→ DIRECTIONS FOR THIS TASK:
Only the lines from the "Aussie Stone Fruit Chutney jar with label" line through the last line of the material below belong in the answer, reproduced exactly and with no pictures.

→ INFORMATION SUPPLIED:
......

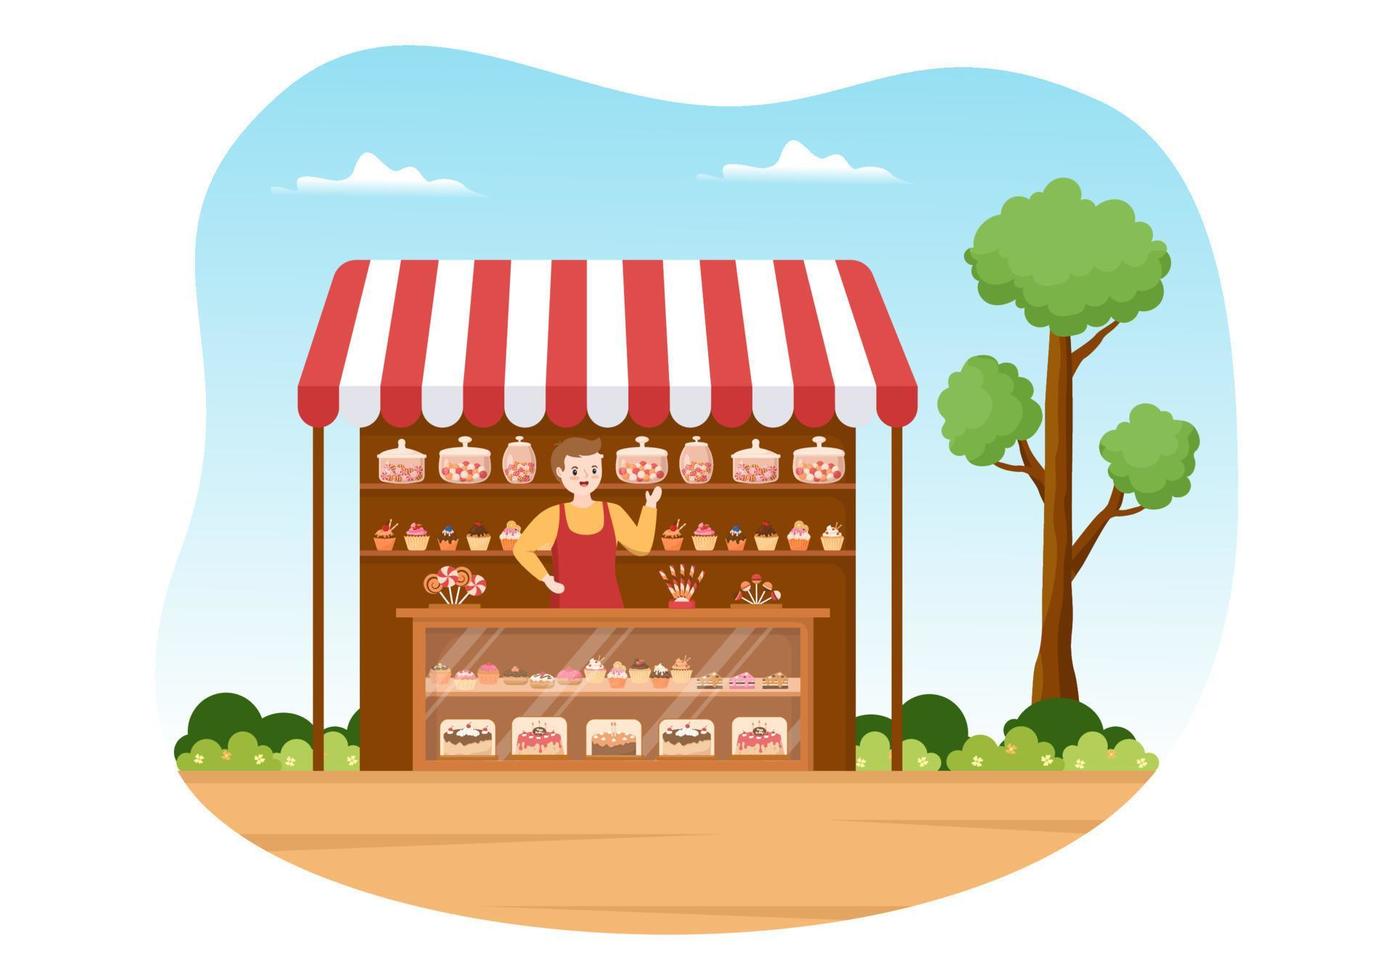 süßwarenladen, der verschiedene backwaren, cupcake, kuchen, gebäck oder süßigkeiten auf flachen handgezeichneten vorlagenillustrationen im cartoon-stil verkauft vektor
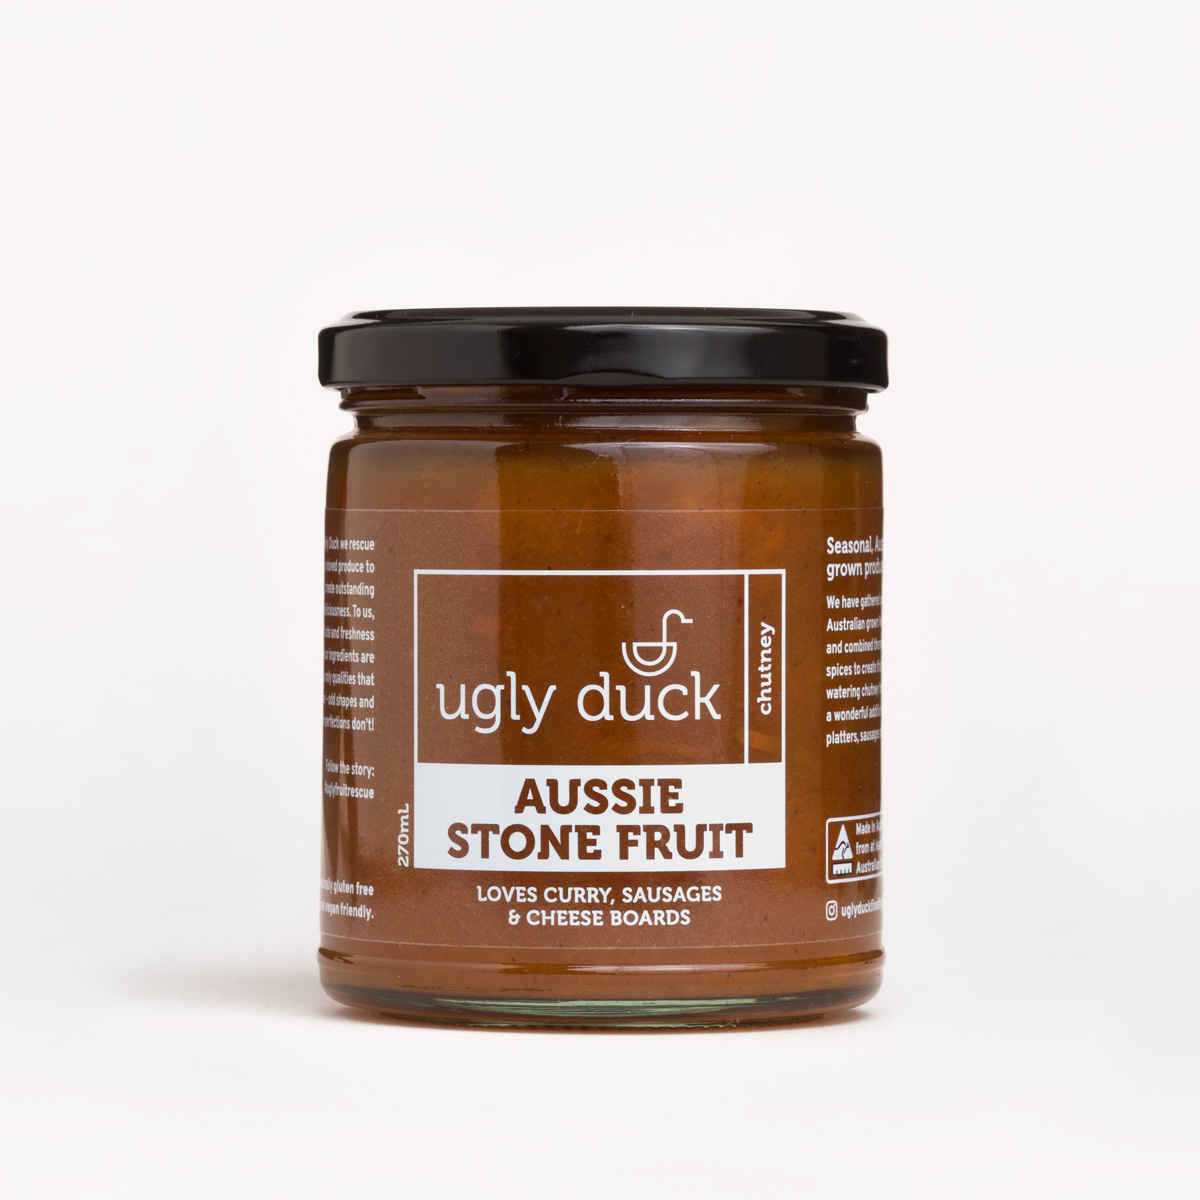 Aussie Stone Fruit Chutney jar with label
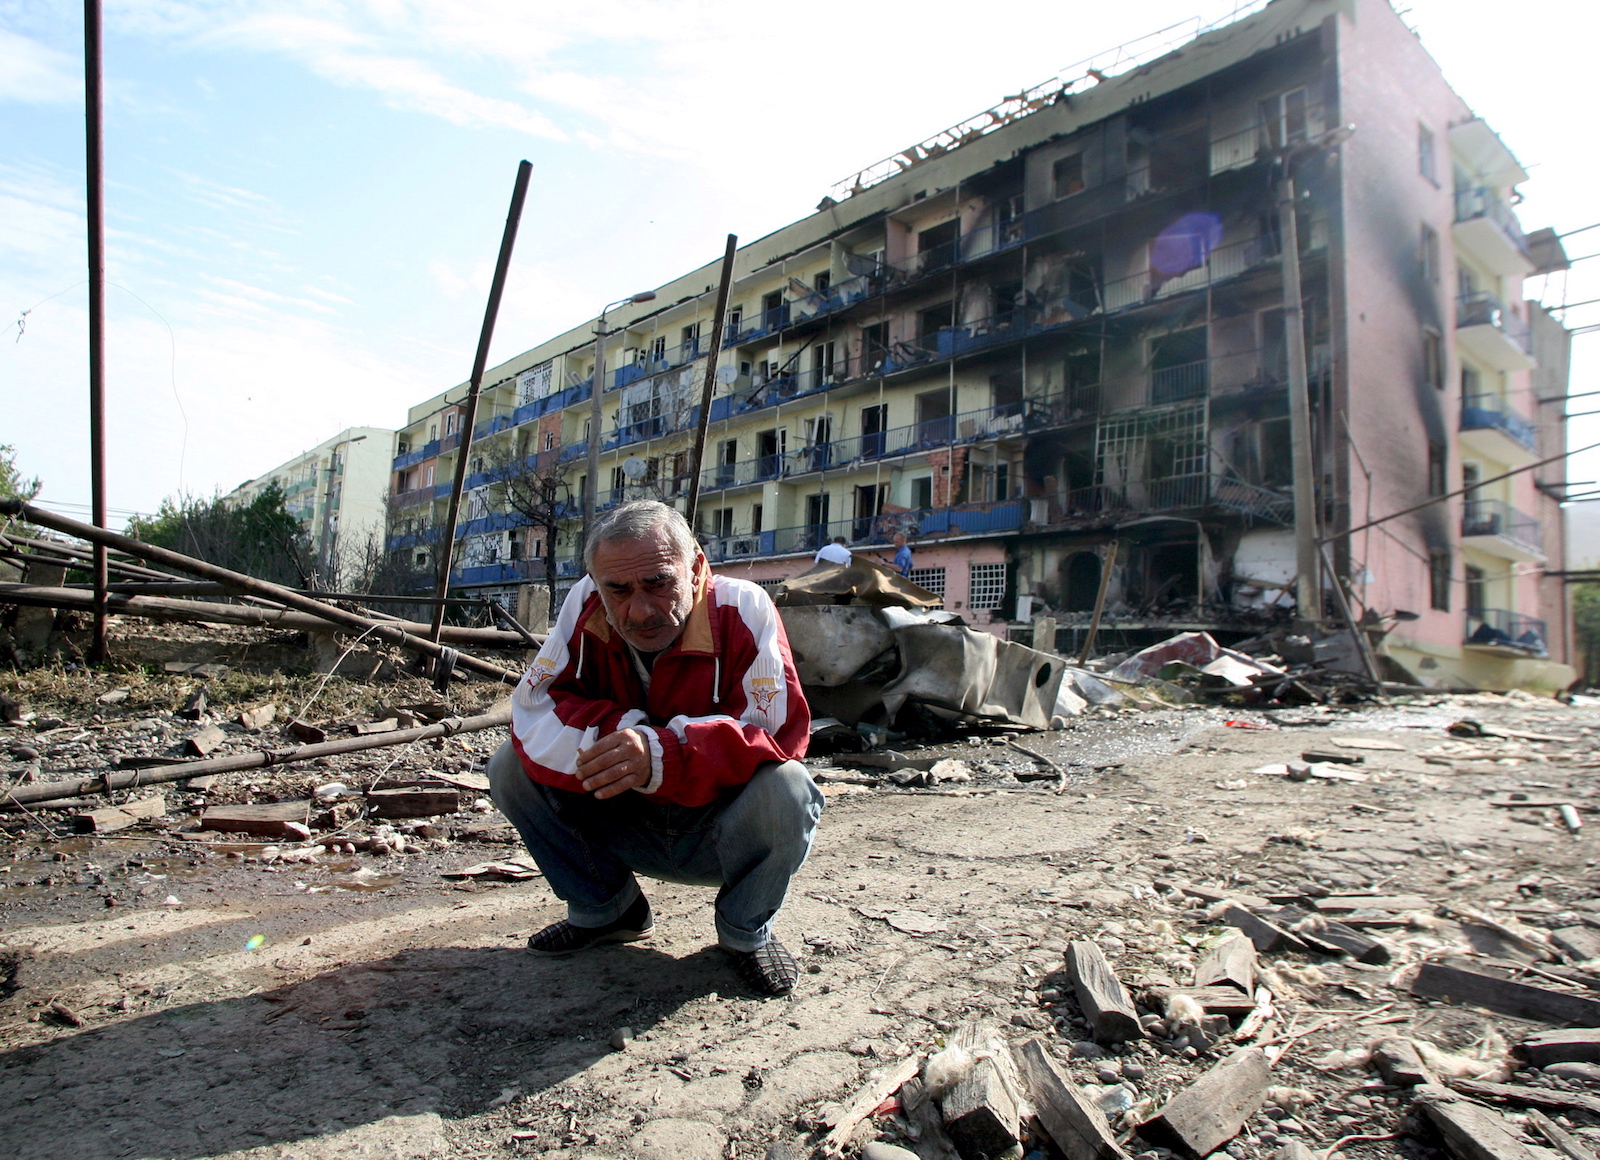 კადრში ჩანს გორელი კაცი. ფონზე დაბომბვის შედეგად დაზიანებული შენობა © EPA/ZURAB KURTSIKIDZE

......

→ EXERCISE SOLUTION:
 Aussie Stone Fruit Chutney jar with label
 კადრში ჩანს გორელი კაცი. ფონზე დაბომბვის შედეგად დაზიანებული შენობა © EPA/ZURAB KURTSIKIDZE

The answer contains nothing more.